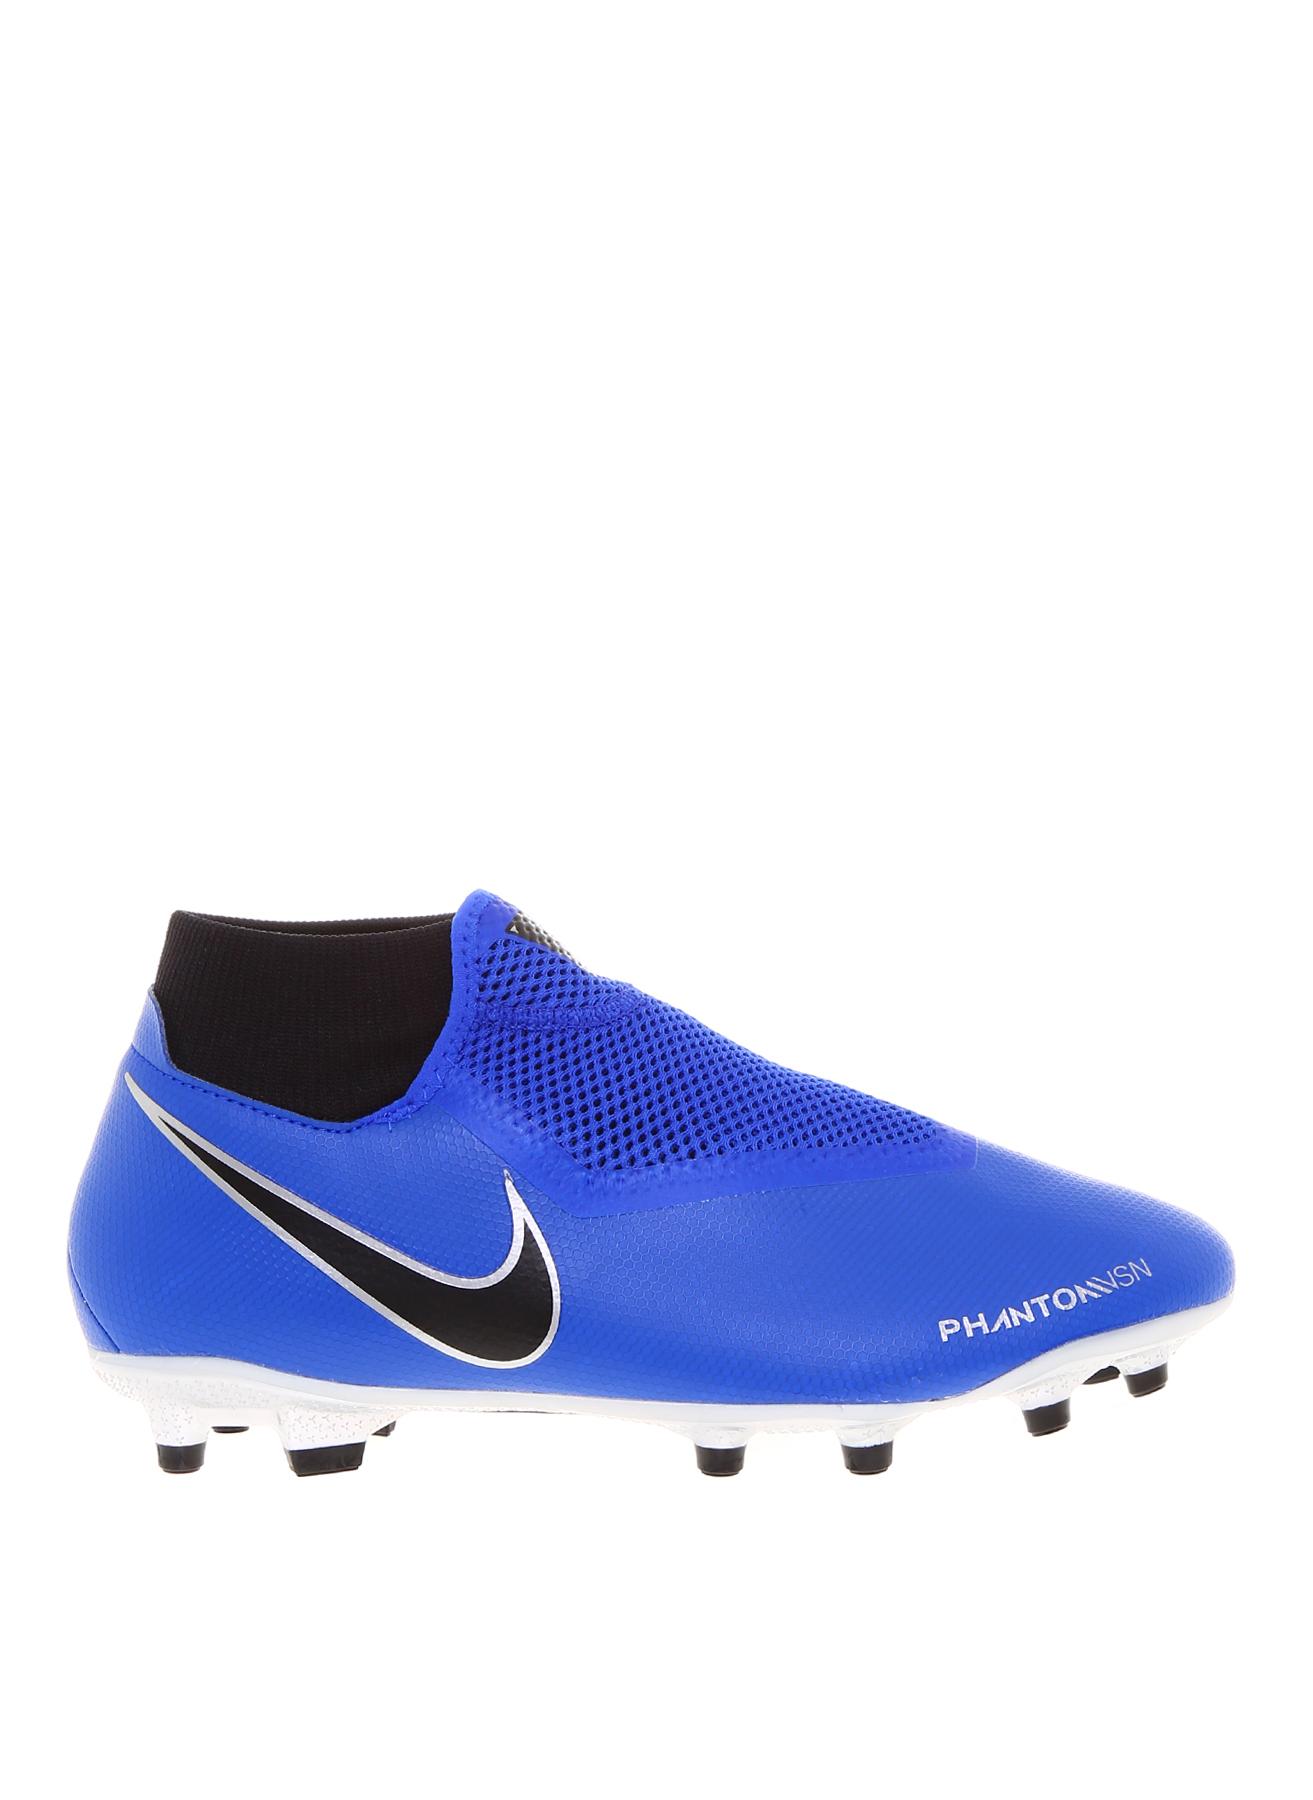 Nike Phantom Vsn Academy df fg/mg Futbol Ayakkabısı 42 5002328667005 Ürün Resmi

□ □ □ □

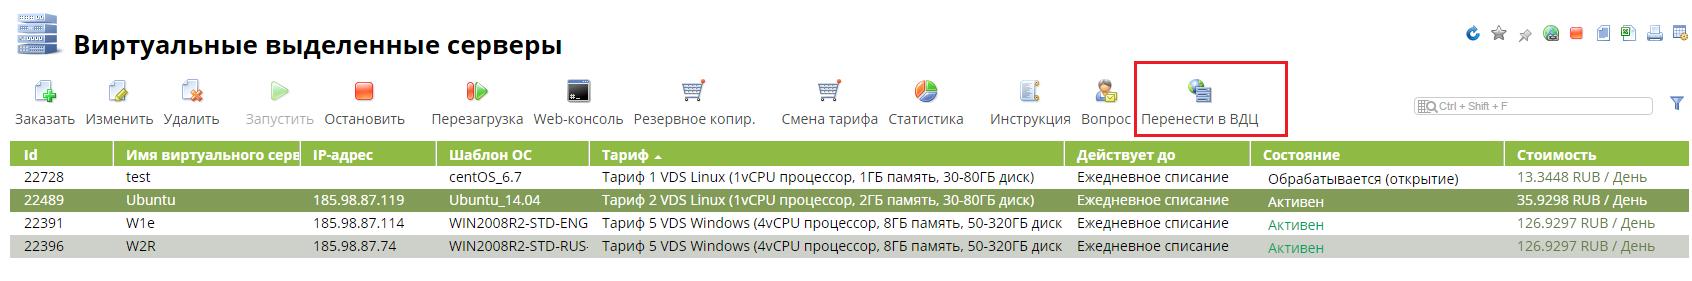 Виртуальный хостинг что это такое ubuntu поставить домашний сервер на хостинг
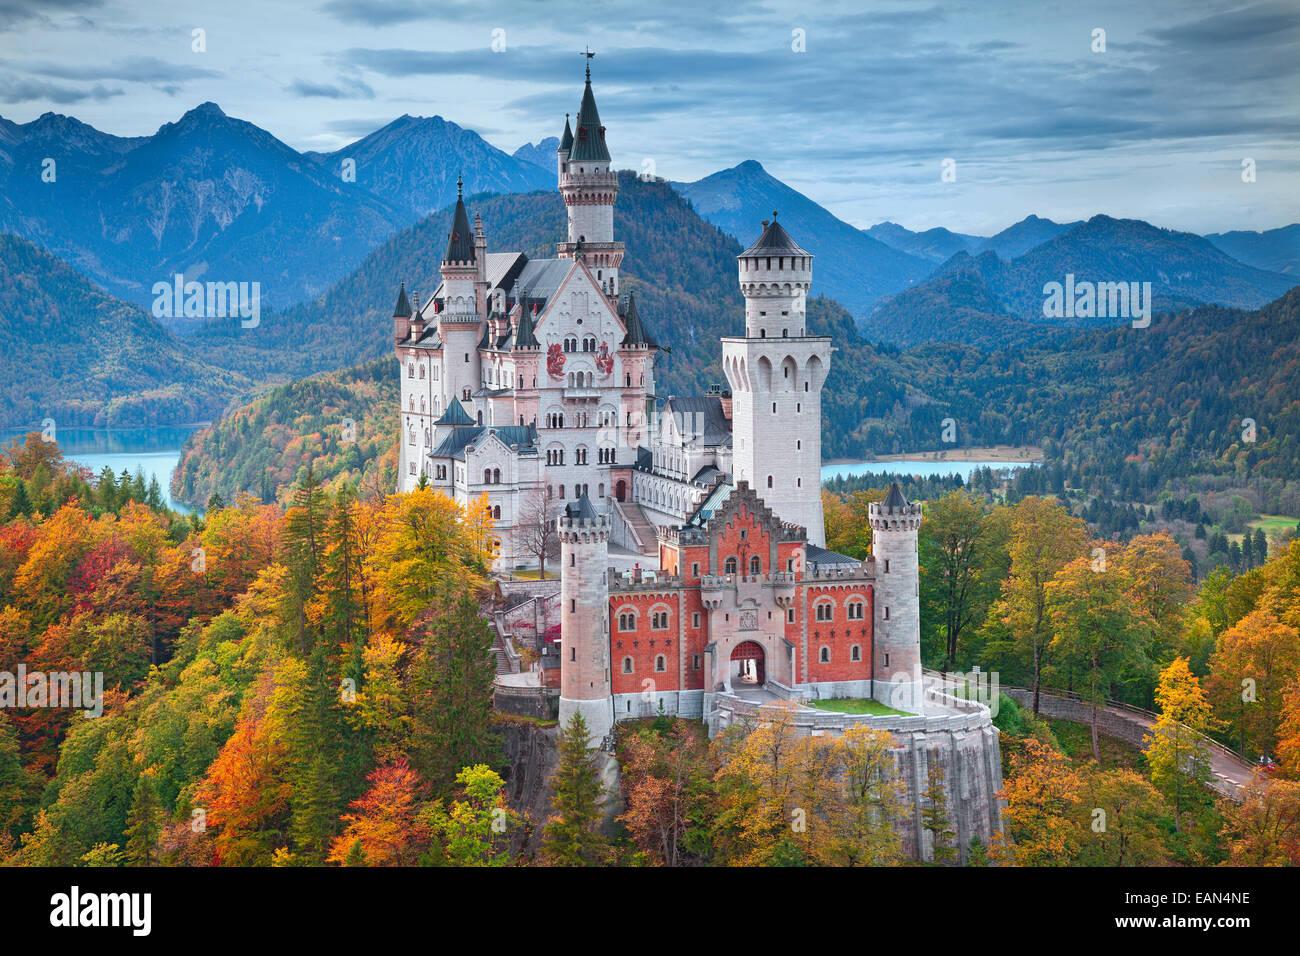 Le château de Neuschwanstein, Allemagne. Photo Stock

□ □ □ □

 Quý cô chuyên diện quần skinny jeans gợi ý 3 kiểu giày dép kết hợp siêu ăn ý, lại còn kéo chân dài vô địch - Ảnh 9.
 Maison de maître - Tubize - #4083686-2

□ □ □ □

Brief
What to print is the stretch of entries from the line with "Виртуальный хостинг что" up to and including the line with "Le château de". Please print it exactly and leave out the pictures.

Result of the task
 Виртуальный хостинг что это такое ubuntu поставить домашний сервер на хостинг
 Le château de Neuschwanstein, Allemagne. Photo Stock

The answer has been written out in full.